Der Oberbegriff der „Großen Beschleunigung“ als Beschreibung der Entwicklung seit 1945 dient aber auch dazu, den Umbau der Städte generell neu zu denken. Denn die Beschleunigung hat uns Stadtstrukturen beschert, die in Zukunft unmöglich zu halten sein werden. Wollen wir den Umbau zur resilienten Stadt sinnvoll angehen, müssen wir verstehen, welche Prozesse entschleunigt werden können bzw. müssen.

Der Aufbau neuer Stadtstrukturen, gerade auch in Ländern außerhalb der westlichen Hemisphäre, bietet die Chance, die Fehler der Großen Beschleunigung nicht zu wiederholen. 

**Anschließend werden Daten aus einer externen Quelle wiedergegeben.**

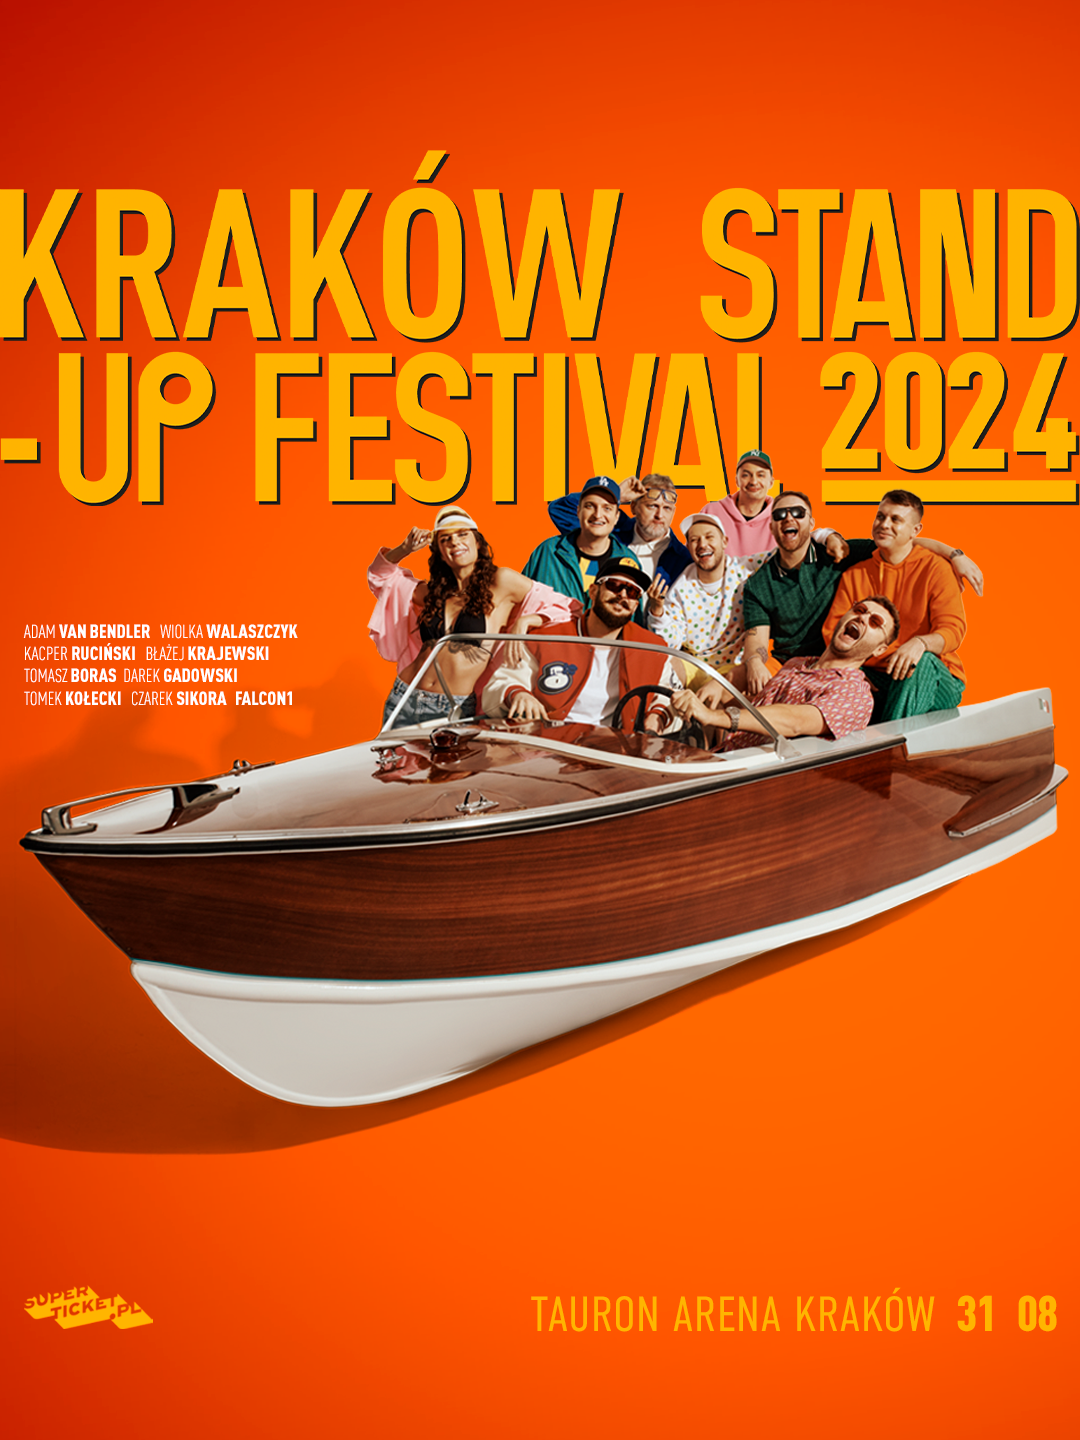 suf 2024 1080x1440 st thumb krakow - Kraków Stand-up Festival™ 2024

Kontakt: Daniel Zwangsleitner

Infrastructures of the New Everyday

Technische Infrastrukturen durchdringen den urbanen Raum auf verschiedenste Art und Weise. Sie sind im konstanten Wandel begriffen, gegenwärtig insbesondere im Bezug auf die Digitalisierung. Ein Beispiel sind Flughäfen: Hier können die Auswirkungen des Lärms auf die Umwelt zunehmend so simuliert werden, dass deren Auswirkungen direkt für gesellschaftliche Verhandlungsgsprozesse nutzbar gemacht werden können. Angewandt auf andere Problemfelder könnten solche Methoden dazu dienen, die negativen Auswirkungen von beschleunigter Entwicklung sichtbar zu machen und in einen allgemeinen Diskurs einzubringen.

Kontakt: Elif Simge Fettahoglu-Özgen

The Power of Conditions

Architektur ist nicht autonom: vielmehr muss das Verständnis für externe Einflüsse – die Bedingungen – auf die bauliche Produktion geschärft werden. Vor diesem Hintergrund verfolgen wir die Hypothese, dass Architektur immer auch einem Modus, einer „Art und Weise zu arbeiten“ folgt. Dieser Modus erlaubt als Bindeglied zwischen Architektur und Städtebau Spekulationen, wie über die Bedingungen ein positiver Einfluss auf das Bauen genommen werden kann. Der Forschungsschwerpunkt „The Power of Conditions“ stellt daher insbesondere die Heteronomie als prägendes Prinzip der Architektur in den Mittelpunkt und beschäftigt sich mit spezifischen, durch starke externe Bedingungen geprägte Architekturformen. Die Forschung baut dabei insbesondere auch auf eine stärkere Verwissenschaftlichung des Diskurses über die Produktionsbedingungen der Architektur.